วันเสาร์ที่ 16 มีนาคม พ.ศ. 2556

Thailand’s Inflationary Pressure on the Decline

(30/10/2012)

An inflation report for October 2012, issued by the Bank of Thailand’s Monetary Policy Committee, indicates that the country’s inflationary pressure is on the decline.

According to the report, demand pressure has also dropped in accordance with the present economic situation, which has been affected by a slowdown in the global economy.

However, some demand pressure still remains, as the Thai economy is likely to expand at a level near potential growth projected in the period ahead. Cost pressure is expected to drop slightly, since global crude oil prices next year are likely to stay close to the present level. Other costs, including prices of non-fuel commodities and fresh food, should not be worrisome.

The Monetary Policy Committee maintains its forecast for Thailand’s economic growth in 2012 at 5.7 percent, assuming that domestic demand strength will help offset the impact from the global economy to some degree. With exports suffering from weak global demand, economic growth is likely to slow for the rest of 2012.

Private investment is starting to decelerate after the tapering off of post-flood reconstruction, as reflected in a decline in machinery and equipment investment, as well as a slowdown in imports of capital goods in the third quarter of 2012.

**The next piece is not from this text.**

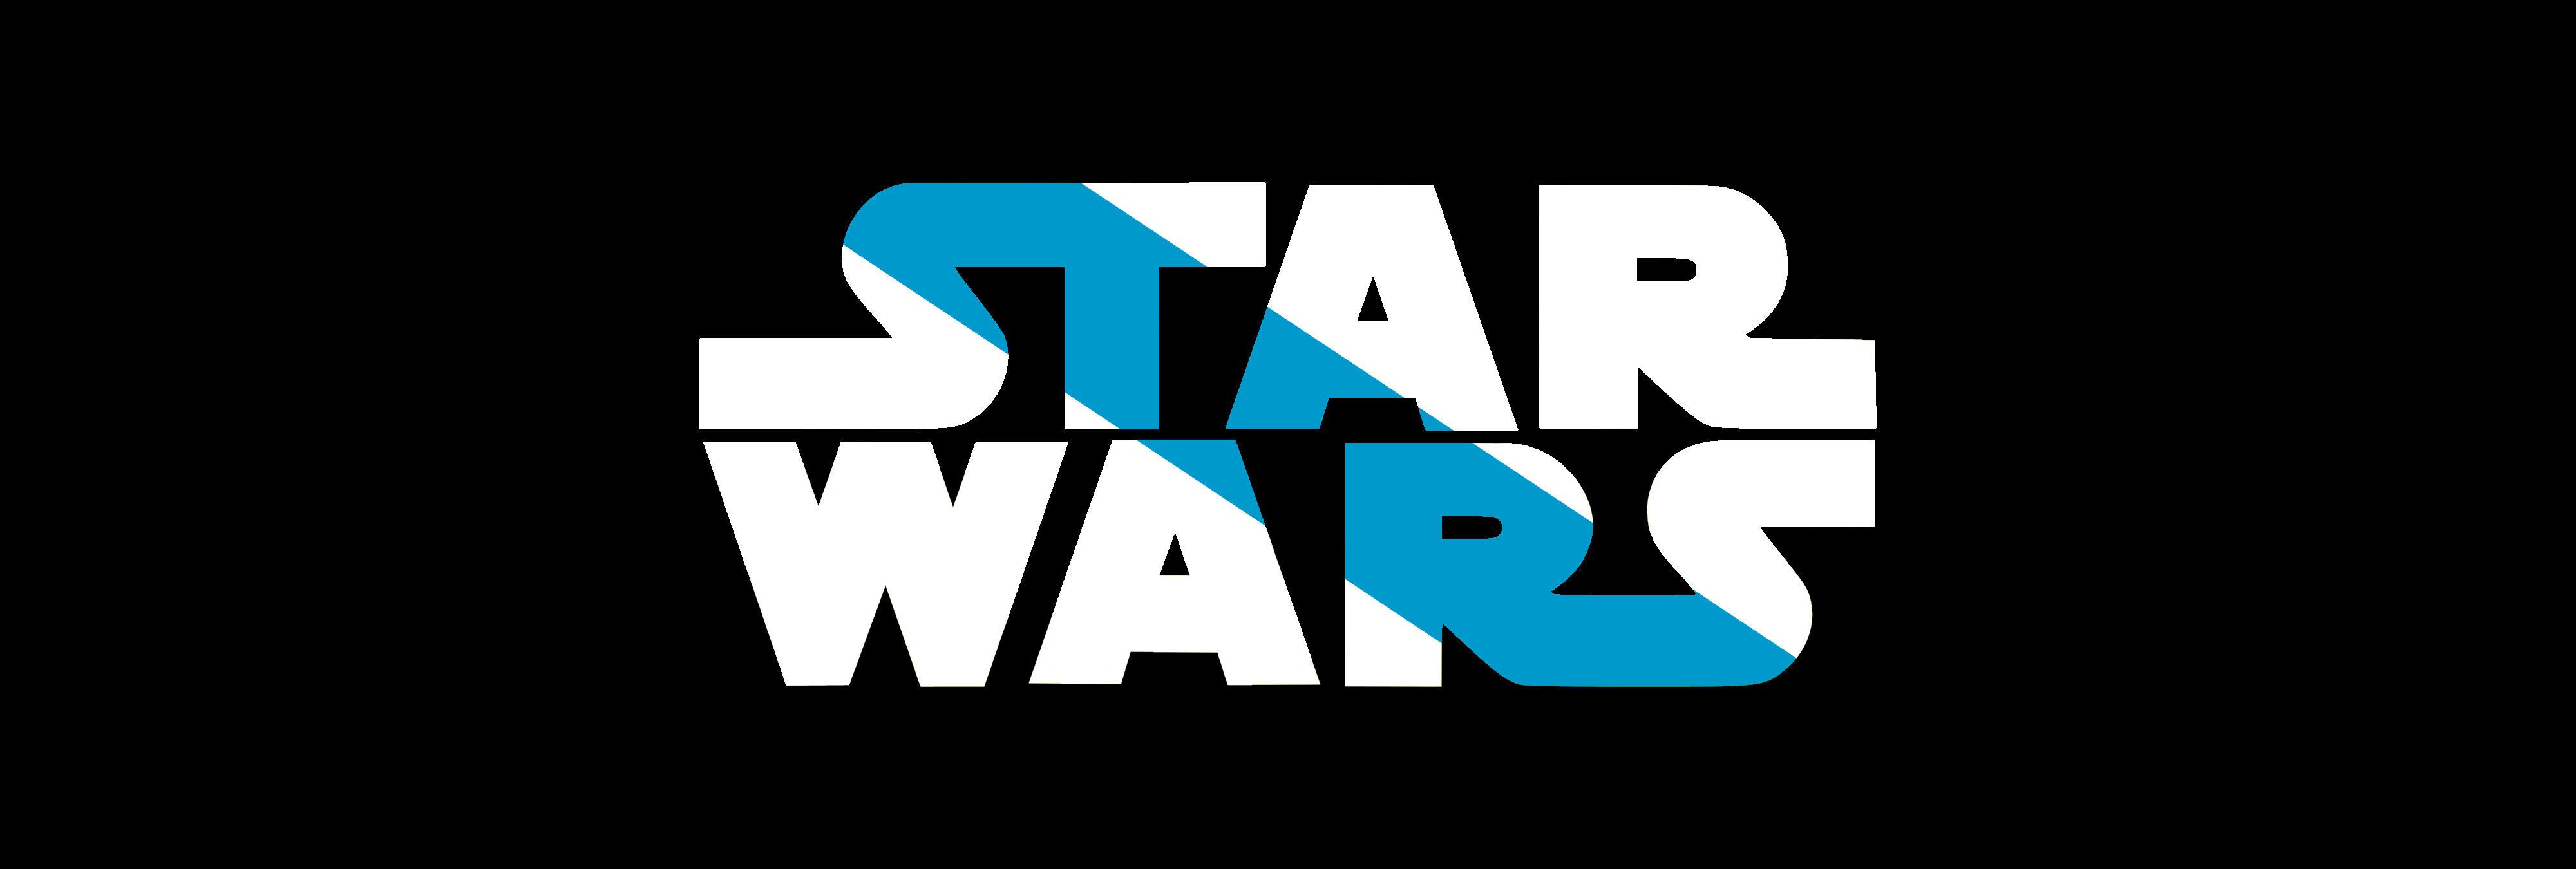 ¡Eu son teu pai, carallo! Los tuiteros imaginan 'Star Wars' en gallego

However, the report says that private investment has good prospects, as the business sector remains confident in the overall economy. Foreign investors also want to continue to invest in Thailand, thanks to the country’s strengths in infrastructure, skilled labor, and well-established supply chains, especially for automobiles and parts. At the same time, private sector consumption is also expected to moderate for the rest of the year.

The impact of global demand weakness on exports has also become more evident. Manufacturing exports have been the hardest hit, especially electronic products and electrical appliances, since foreign orders are starting to decline.

Agricultural exports are likely to remain contracted, partly because of a significant decline in rice exports. Over the period ahead, the view of the Monetary Policy Committee is that export weakness might have a more visible impact on production, public sentiment, and private sector spending. On the other hand, imports of raw materials, intermediate goods, and capital goods appear to have dropped, reflecting reduced reconstruction investment.

As for 2013, Thailand’s economic growth is projected to continue but at a pace slower than assessed earlier. The Bank of Thailand expects that the Thai economy in 2013 will grow by 4.6 percent. Inflation in 2013 is likely to stand at 2.8 percent, compared to 3 percent in 2012.